For example, once the Chair can make a determination about the rules and have that ruling upheld by 51 votes of the Senate, what is to say of the time-honored tradition we have in the Senate of a Senator being able to have the right of the floor and being able to speak for as long as he or she wants? That has been our right since the founding of the Senate. Once a Senator is recognized, that Senator can speak until they drop. I think the record is 24 or 25 hours, by former Senator Strom Thurmond.

Who is to say if, in the future, someone gets up to speak but people want to move on and do something, that after that person speaks for 5 or 10 hours the majority leader would be recognized and make a point of order that the person is speaking unconstitutionally? They have the 51 votes to uphold the motion and that is the end of it. So a Senator's right to have the floor is subject to whatever the Chair wants. We may get it; we may not. We may not be able to speak for an hour or 2 hours or whatever we want. The Chair may say to the Senator from Iowa, You can speak for 3 minutes and then you have to sit down.

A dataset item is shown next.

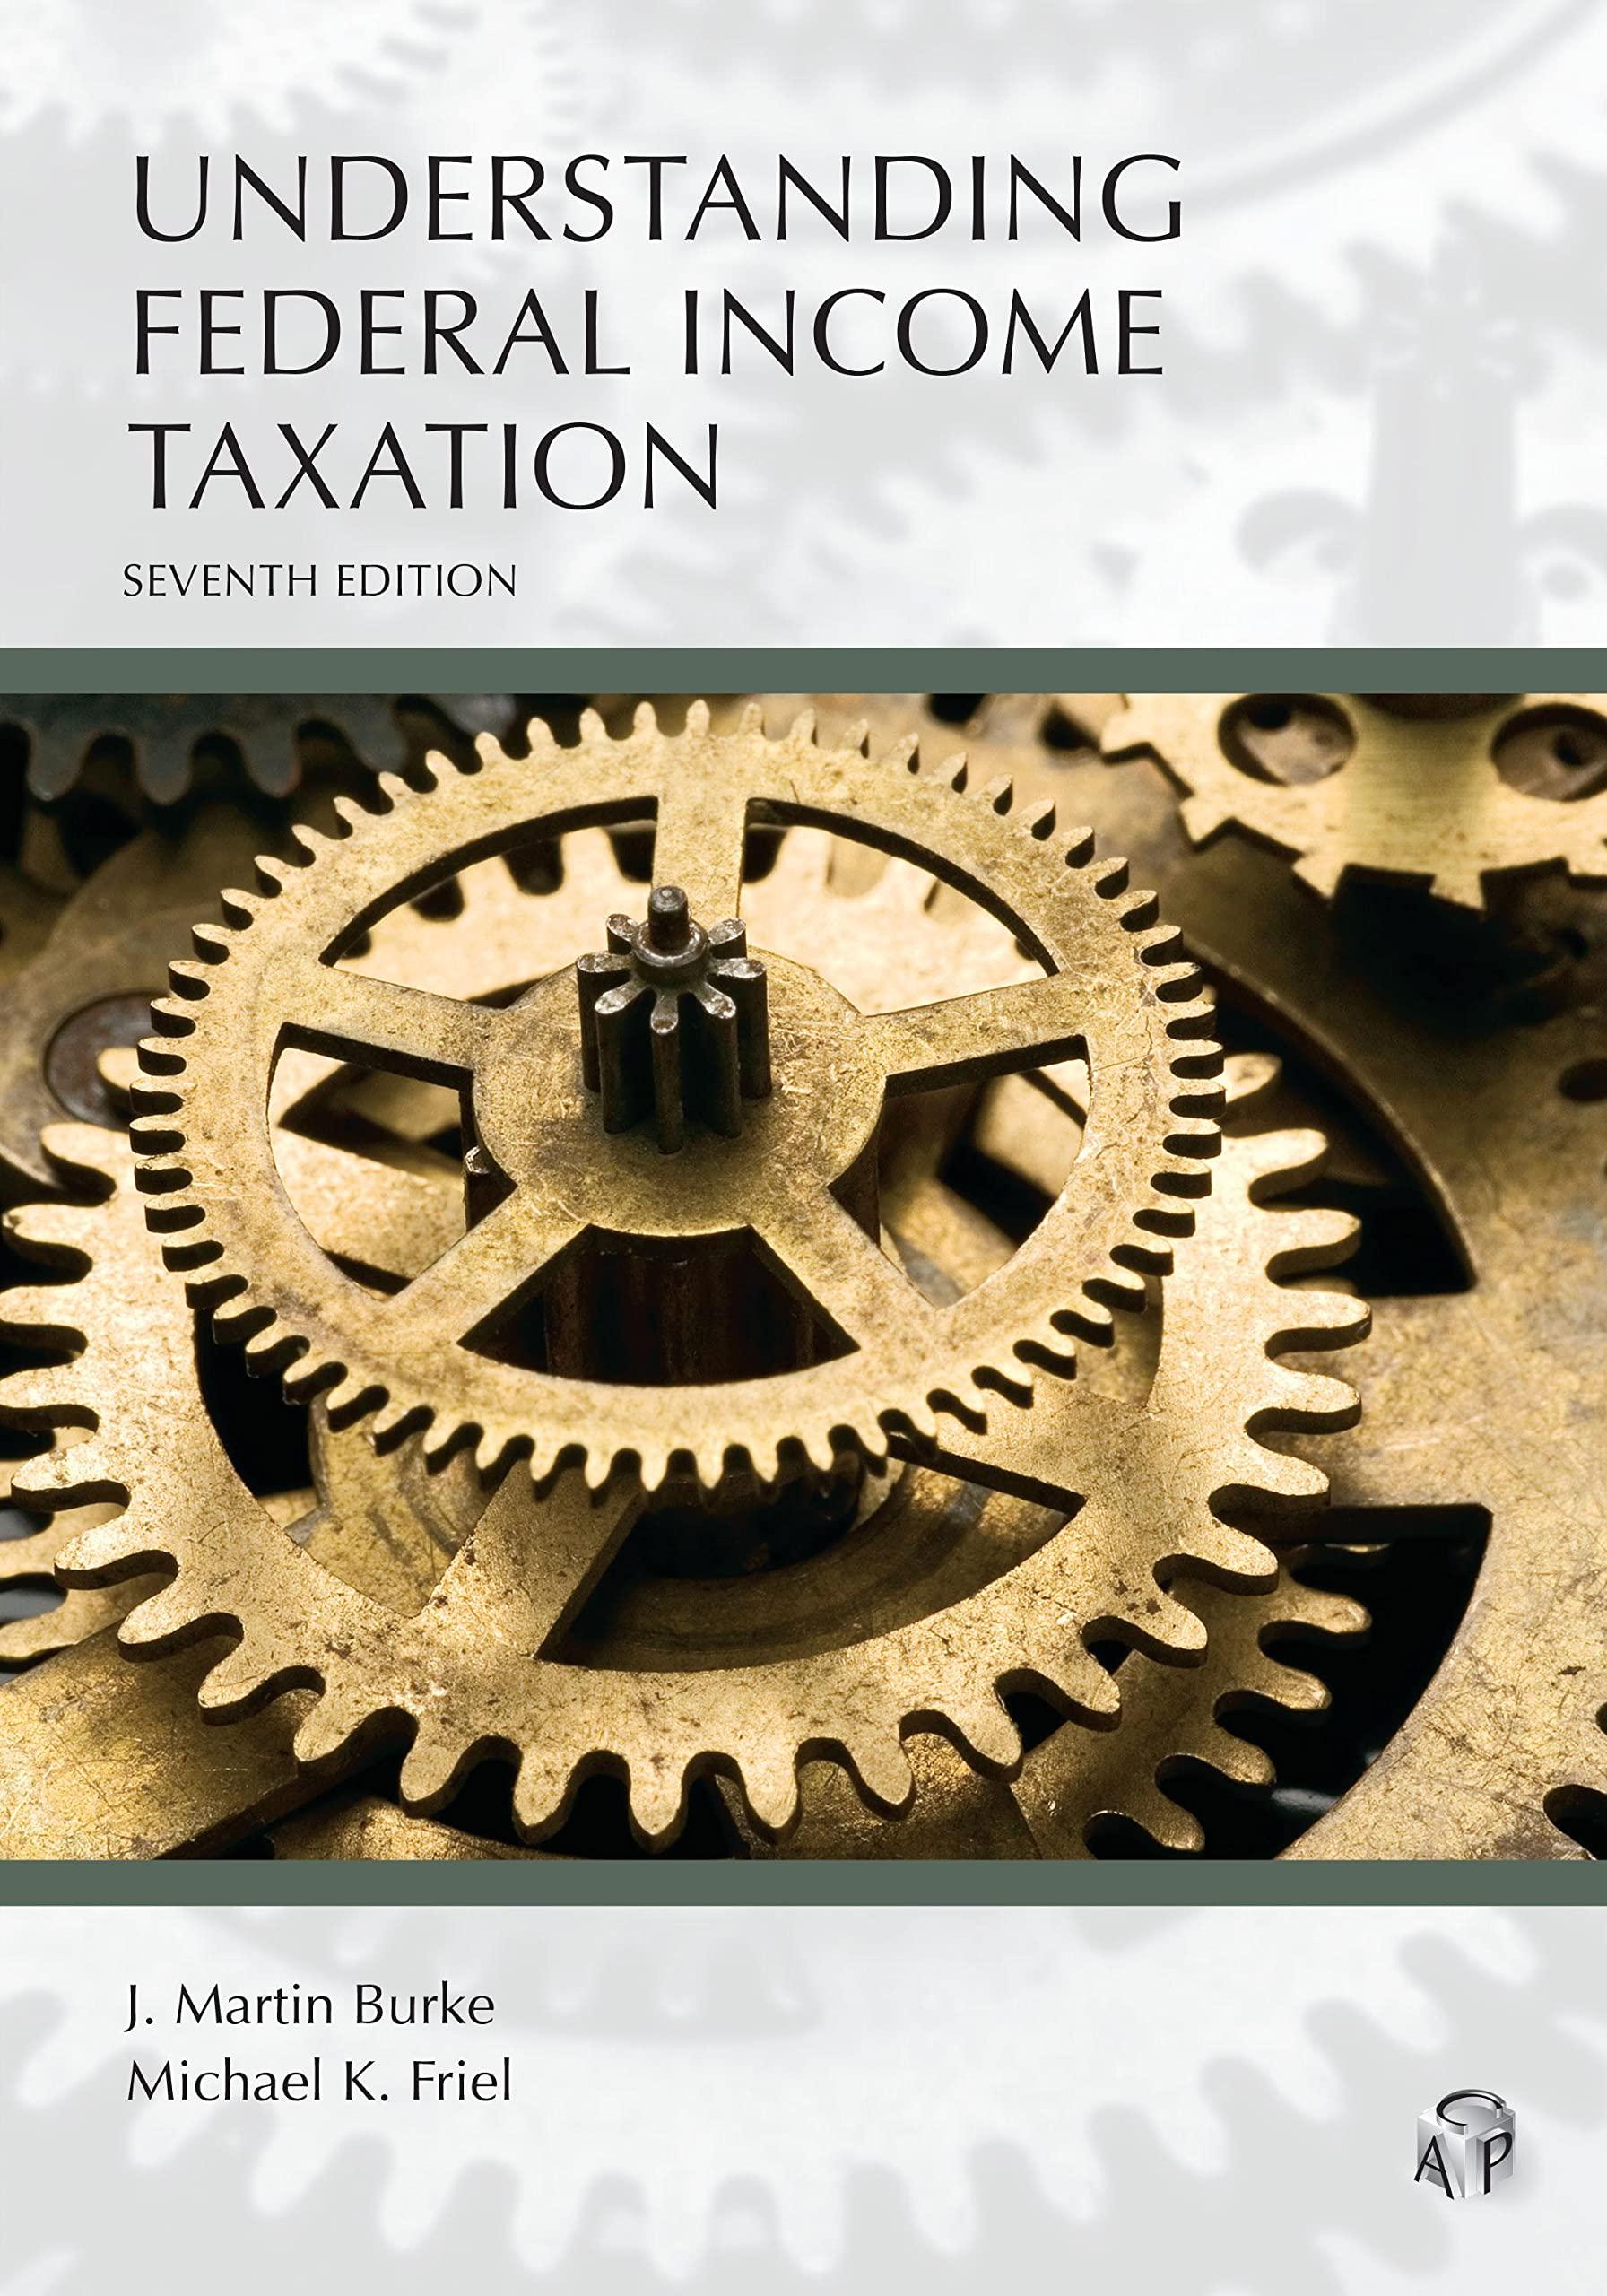 understanding federal income taxation 7th edition j. martin burke, michael friel 1531026486, 9781531026486

They do that in the House of Representatives. They have a 5-minute rule. I know, I served there. But that is not the Senate.

I am just saying who knows what might happen. It is possible. If we go down this road that is the precedent that is set.

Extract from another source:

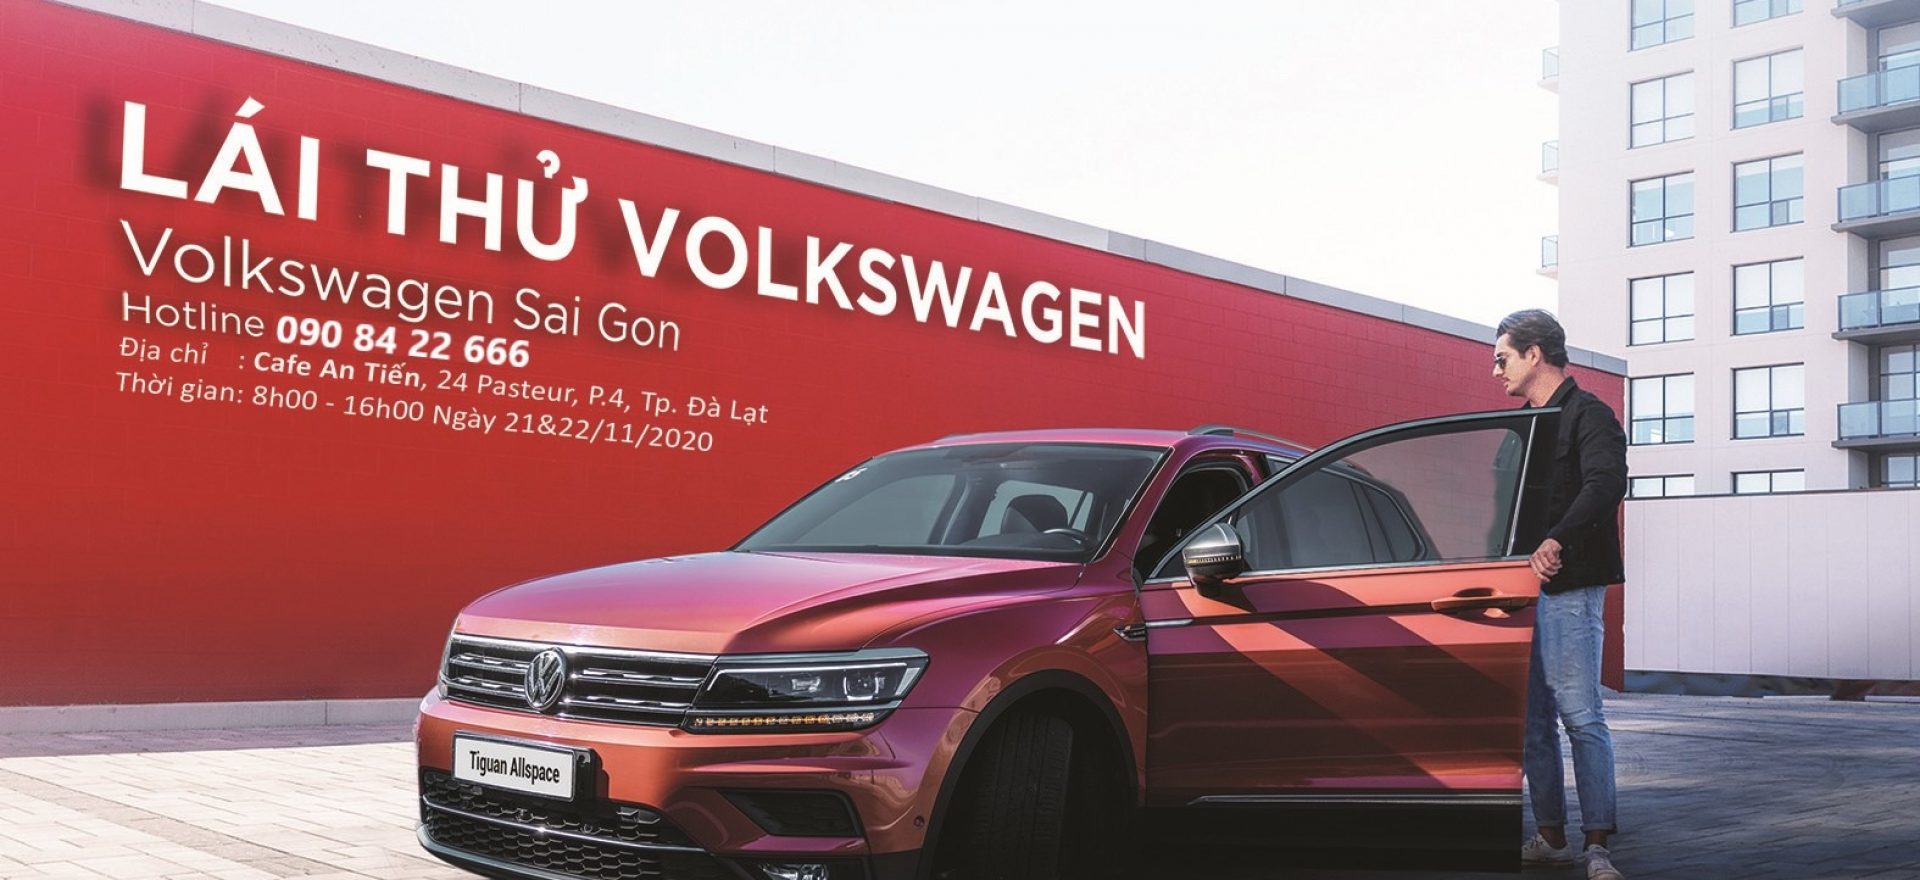 lai thu xe volkswagen tai thanh pho da lat - Volkswagen Sai Gon

I do not know why the majority leader is doing this. Possibly what we are seeing here is an attempt to seize absolute power and unchecked control of all three branches of Government. The Republicans already control the executive branch. A majority of Supreme Court Justices are Republican nominees. So are the majority of judges on our Courts of Appeal, the circuit courts. Indeed, there is a Republican majority on 10 of the 12 circuits. Republicans have an iron grip on the House of Representatives. They have a 55-seat majority here in the Senate. Only one barrier now stands in the way of the Republican Party seizing absolute control of every aspect of our Government, all three branches, and that is the right of the minority in the Senate to filibuster.

By unleashing the nuclear option, the Republican leadership would crush this last remaining check on its power. The filibuster is a more than 200-year-old tradition in the Senate; it has withstood the test of time.

I do not believe the nuclear option reflects the desires or values of the American people. Americans are extremely wary of one-party dominance and control. This is a prime reason why so many voters split their ballots In the election last November. Republicans won the White House with less than 51 percent of the popular vote. The Republicans have a 52-percent majority in the House. They have a 55-percent majority here in the Senate. But they want to seize 100-percent control of the Government, including the third branch, the judicial branch.

It is not healthy for our country. It is not healthy for our democracy. I do not believe for 1 minute this power grab reflects the wishes of the American people. When it comes to government, there are certain values and principles that the vast majority of Americans share. We prize our system of checks and balances. We respect minority rights and dissent. We want to ensure that minorities are protected. We understand the danger of majorities acting without check or restraint, running roughshod over those who would disagree.

As a well-known minister once said:

Democracy exists not just when the majority rules, but when the minority is absolutely safe.

The rules of the Senate and the rule of extended debate give the minority that absolute safety. You take that away and you take away the minority rights in the Senate. Most Americans understand that checks and balances are the key to preserving our liberty.

James Madison wrote:

The accumulation of all powers, legislative, executive and judiciary, in the same hands may justly be pronounced the very definition of tyranny.

But that is exactly the goal of the Republican leadership today. They seek the accumulation of all power--legislative, executive, and judiciary--in the same hands, their hands. This is profoundly dangerous. By resorting to the nuclear option, the majority would break the rules in order to change the rules. Under the rules of the Senate, it takes 67 votes to change the rules, 60 votes to end debate on a judicial nominee. But by resorting to this parliamentary gimmick, this nuclear option, the majority would change this rule with only 51 votes. The result would be to destroy any check or restraining influence on the power of the majority. This is not the American way. It is certainly not the wishes of the American people.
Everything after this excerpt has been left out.